Well, I would like to do funny girl before I age out. I mean, maybe I have already aged out, but whatever, it's Albuquerque. Um and I would really like to do cats again in the reinvention that was just um The Jellico Ball. The Jellico Ball that was that came out this season on Broadway.

SPEAKER_00

So would you play the same cat you played last time, or is it a different could.

SPEAKER_02

Yeah. Um, the Jellico Ball is all about queer ball um drag ballroom and the scene in New York City in the 1980s. And so the character that I had was Demeter, and she's the one who sings McCavity. Yeah.

SPEAKER_00

Yeah. Some little theater nerd or theater geek is planning a production of the Jelico Ball for Albuquerque in 2028. Please consider staging for Demeter.

SPEAKER_01

There, I don't know if anyone could beat her.

SPEAKER_00

Camp Demeter, Camp Beater, Demeter. Your buck of this role, Megan?

SPEAKER_01

Maybe Lady Macbeth.

SPEAKER_00

Okay, can can we say the Scottish play name? We're not in the theater. Okay. So we can't Okay. Maybe Lady Macbeth. Maybe isn't that coming up around town too? Or someone somebody's Shakespeare event on a train, maybe.

SPEAKER_01

Yeah. It's you know, it's all about the vision, right? Like you, you can be in or out of a director's vision. Um, but for me personally, I think it would be such a challenge that's been done and done and done.

SPEAKER_00

You want to take my dog to the audition with you? And then out, out, damn spot could be about the dog. Go fee.

SPEAKER_03

Yeah.

SPEAKER_00

My dog is not named spot.

SPEAKER_01

Um right, but that's a that's a that's exactly the thing. Out, damn spot, out, out, I say. It's not out out damn spot, by the way. It's out, damn spot, out, out, I say. But she should already off book. No characters, but like that you hear you've heard it so many times. And I think the a huge challenge would be just to do that without being like super cheese ball, right? Like, and to really find the truth in in that moment when she's fully coming out of the line, she's dreaming, is she not dreaming? She's completely like that shit. Sorry. But like, yeah, I think um, and then obviously her character at a time when you think about when Shakespeare was writing this, and she's this woman is like, my husband's a child, he can't step up, he has a little daisy. I'm gonna take a charge. And she has a moment where she says, unsex me, like I'm gonna just be a dude because I'm gonna stand. Like, I think it's fascinating in this day and age to try to like put all of these pieces together and then also all of the things that you know about what she says and try to make that a genuine performance. Probably the biggest challenge that I could ever think of as like an actor. So, yeah, kind of look at this thing. I might completely, if I got the chance, just be shit. Like it would, it might suck. But I did it. Right. Megan, you'll never stop. A lot of them are bad. I don't know.

SPEAKER_00

I I I would love, I would love to see you wash that man right on there.
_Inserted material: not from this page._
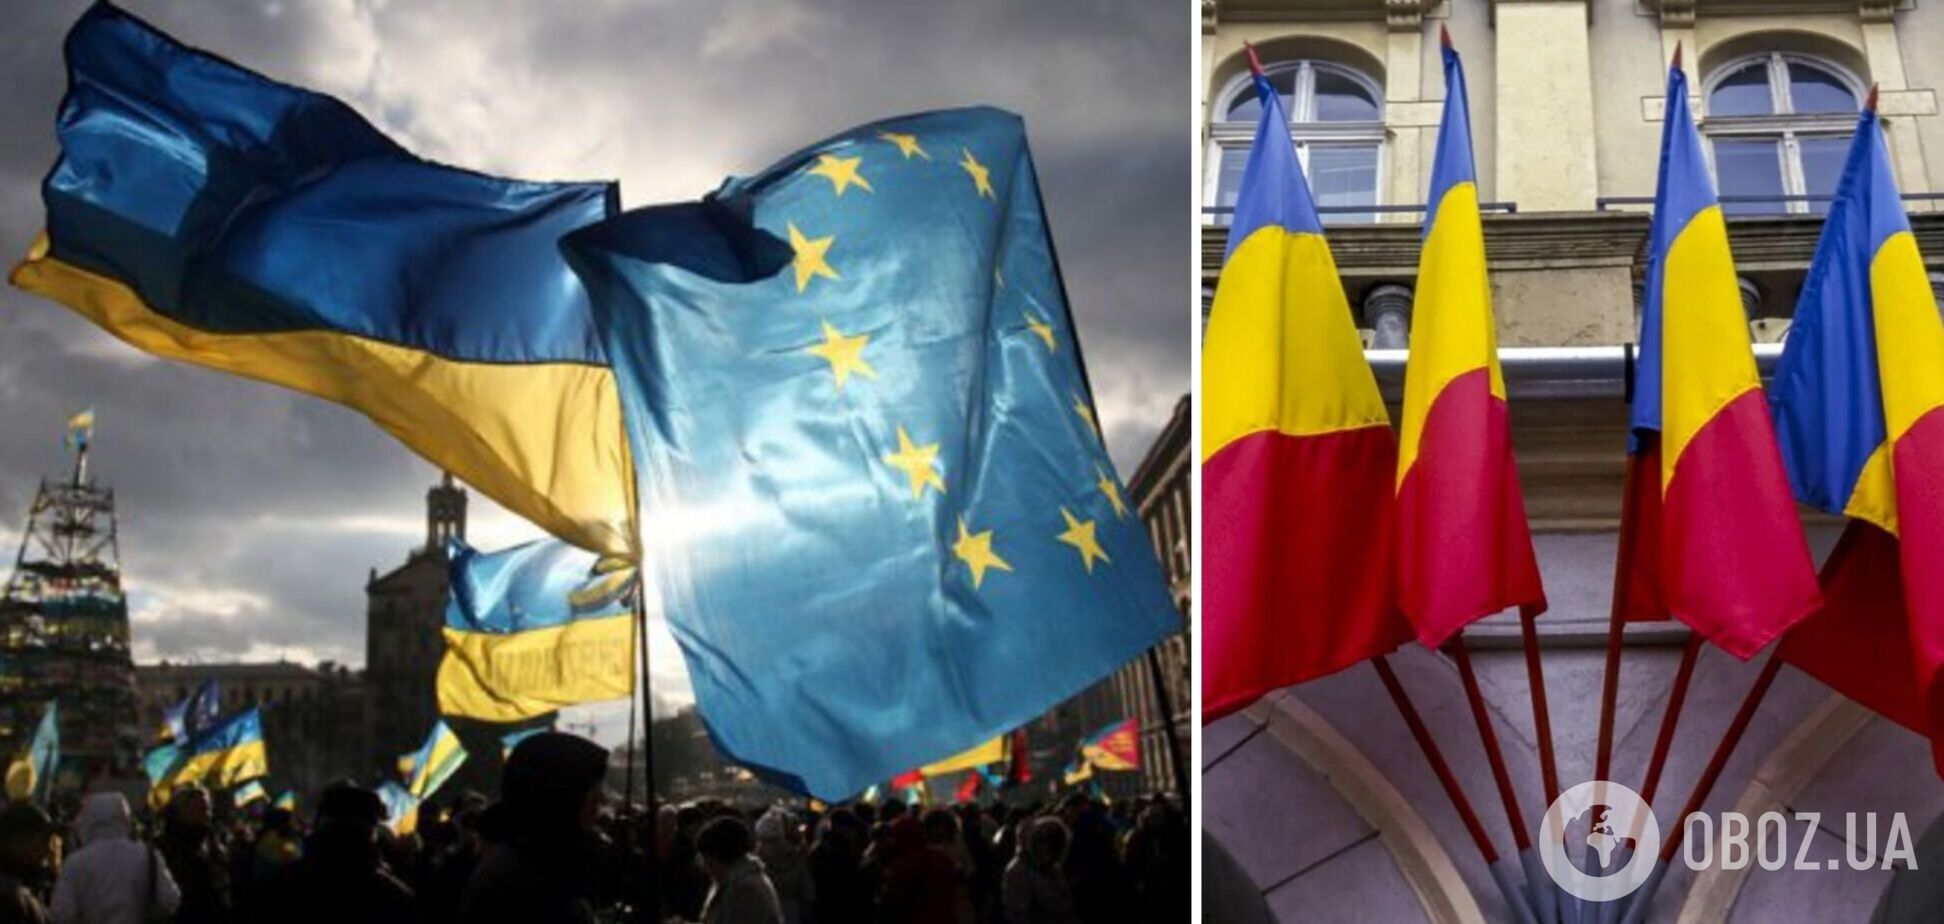 '10 лет назад украинцы отдали свой голос за Европу': Румыния поддержала начало переговоров о вступлении Украины в ЕС

Yeah, that would be that would be a great role for you.

SPEAKER_01

I'd probably start laughing in the middle if you were in the audience because we have this conversation.

SPEAKER_00

Thank you for telling us about company and for sharing and opening your. Yeah, I'll be there. Um, and uh if you uh if you see it, put some comments into our webcast notes and uh not mean ones though. No, not that we'll filter the mean ones. There won't be any ones. Anyway, I'm so looking forward to it. Um, you guys are two of my favorite talents in town, and Sondheim never fails to please me anyway. Um thank you Robbie for joining us with alternate stake.

SPEAKER_02

Robbie, Robbie, familiar, Robbie, Robbie, Robbie.

SPEAKER_01

Yeah, you'll know what we're talking about. We say Bobby, yeah.

SPEAKER_00

Thanks, guys. Bye-bye.

SPEAKER_02

Bobby, Bobby, baby, Bobby, booby, Bobby, bobby.

SPEAKER_00

Your name is Rob. I have to have the chairs all set, so to show my beautiful set dressing, which was these callilies, which you're now blocking. You're blocking the callilies. Anyway.